Gogjali was now the beginning of the rear on the eastern front, the only battle front in Mosul where the fighting was steady. The Iraqi 9th Division, armored and stodgy and questionable, was probing tentatively about the citys southeastern edge, and the better but not entirely dependable 16th was somewhere closer by, while the federal police and paramilitary forces were stirring around. But it was here in the east that the special forces formation leading the invasion of Mosul, the Counter-Terrorism Service, had put the first real puncture in the Islamic States defenses. It was through this puncture that the main part of the Iraqi infantry, ten thousand strong, was trickling and would soon pour. The Islamic State had started life as an insurgency, using insurgent tactics, but now it was a regime, a government, even, in its way; it held territory, it had in Mosul Iraqs second or third most populous city (depending on who did the counting), and now it would have to fight a conventional battle over territory, one government versus another.
Gogjali was also home to what, in those early days of the battle, was the Iraqi troops only frontline triage station. What few CTS medics there were had taken over an abandoned home and an adjoining vacant lot. Every morning they set up shop in the lot, carrying out their gurneys and rolls of gauze and squeeze bottles of iodine and IV kits, most of it donated by foreign charities.
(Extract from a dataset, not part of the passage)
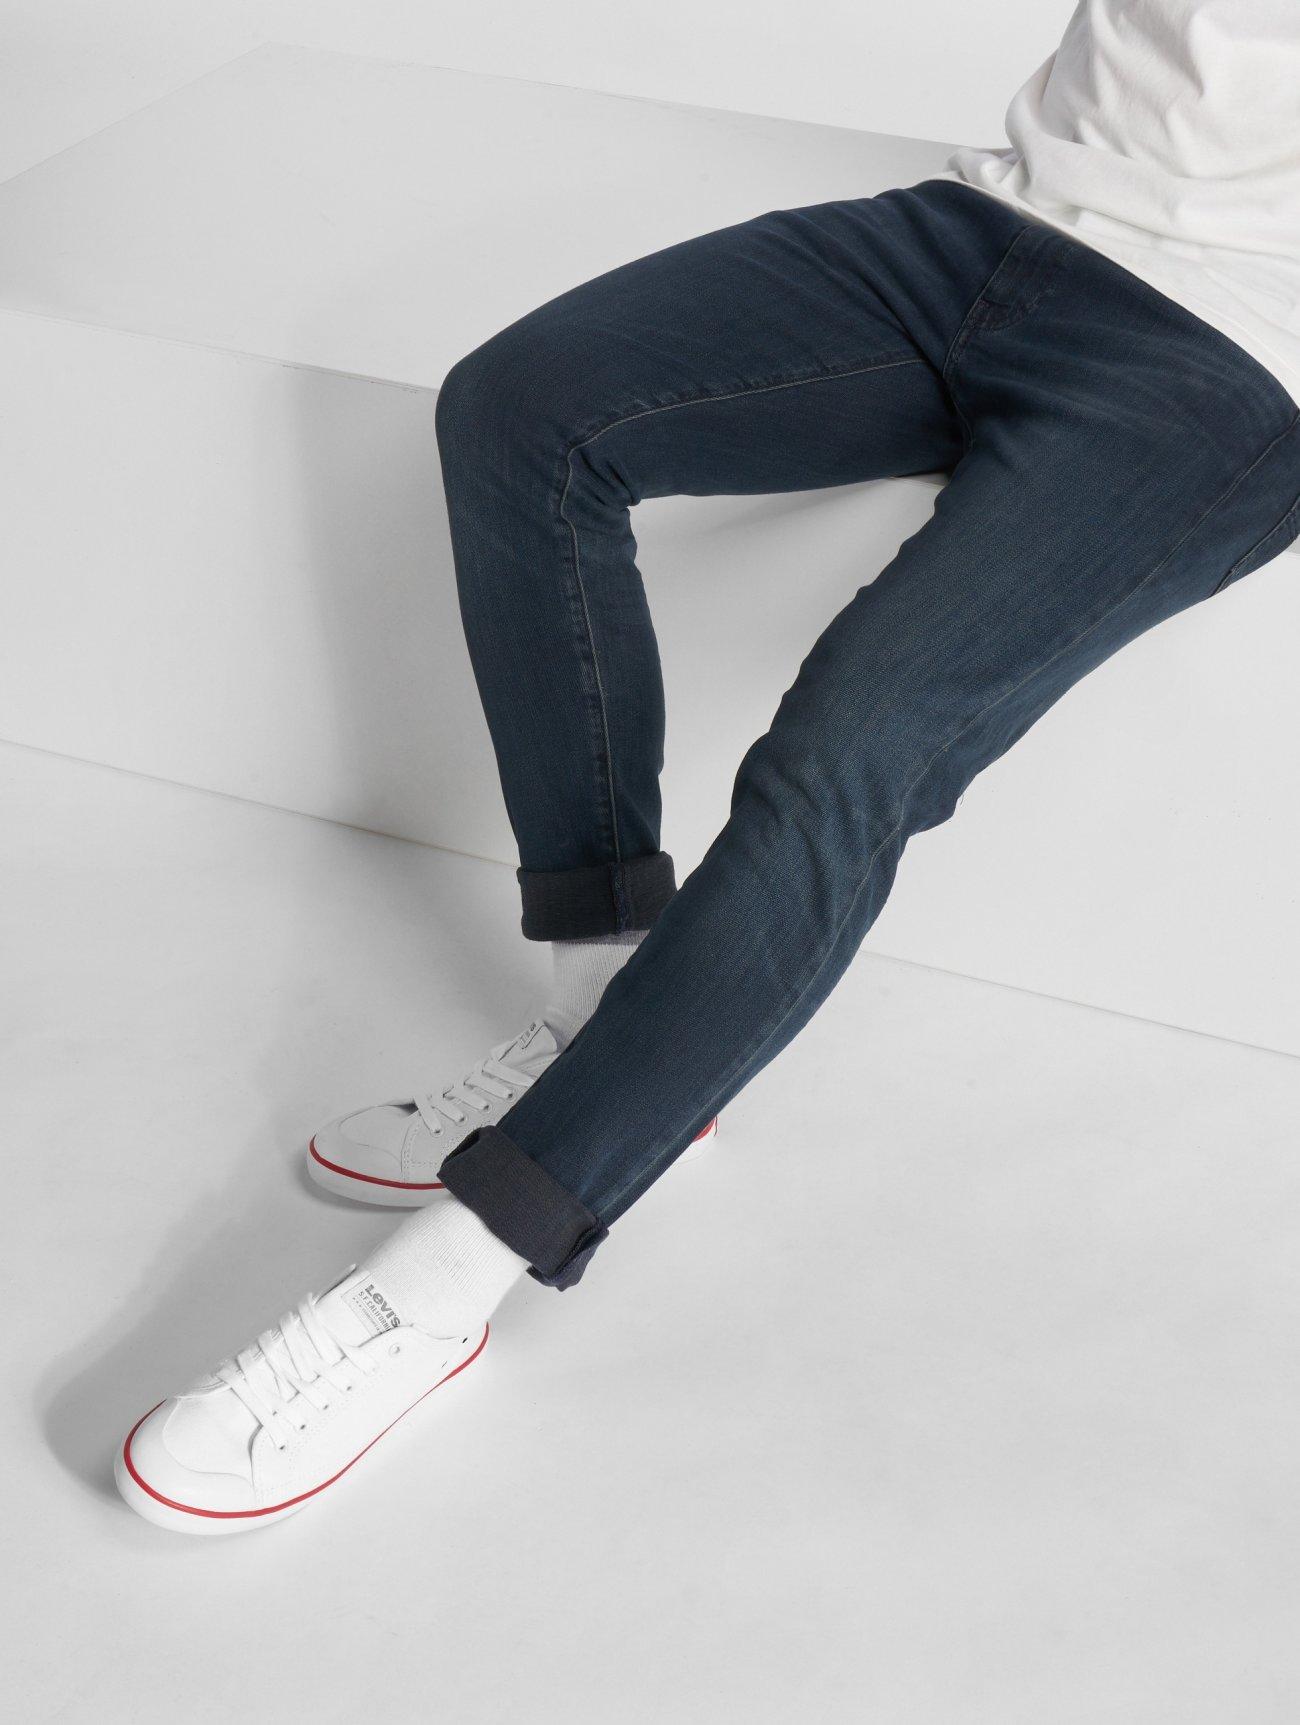 Levi's® 512 indigo Homme Jean slim 468774 Homme Jeans

Early one morning, the front line was just beyond the triage station. The pounding of airstrikes and artillery and the chatter of gunfire reverberated through the pall of dust and smoke and moist hazethe rainy season was beginning. The procession of casualties into the lot was already incessant. I arrived as a civilian caught in a shelling was carried in. He was put on a gurney. In moments, he was dead. His brother collapsed onto the body, weeping and hollering. He flung himself to the ground, still weeping and hollering and now smacking himself.
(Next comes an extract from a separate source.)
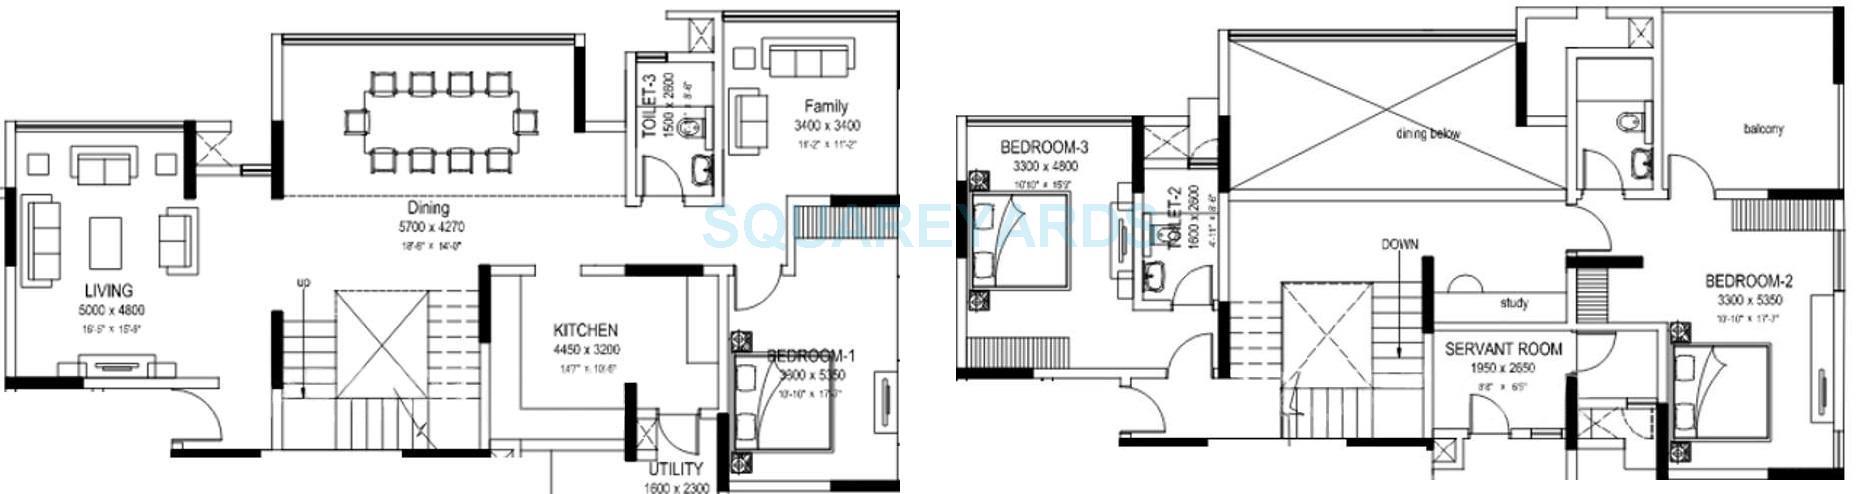 sobha elanza apartment 3bhk 3400sqft 1

A CTS squad had been ambushed. A pair of bloodied soldiers lay on stretchers, too dazed to take note of the mourner writhing in the dirt beside them. A major was carried in by his limbs by four of his men as blood pumped from a gunshot wound in the rear of his thigh. Though clearly in excruciating pain, when a medic went to roll up the majors sleeve in order to put in an IV, the major got it in his mind the man was trying to lift his watch and he sat up, wheezing and flailing his arms in protest. In the late morning, the fighting quieted as the jihadis went to mosque. This happened every day, but on Fridays the lull was longer and particularly inauspicious. On Fridays the Islamic State imams gave sermons.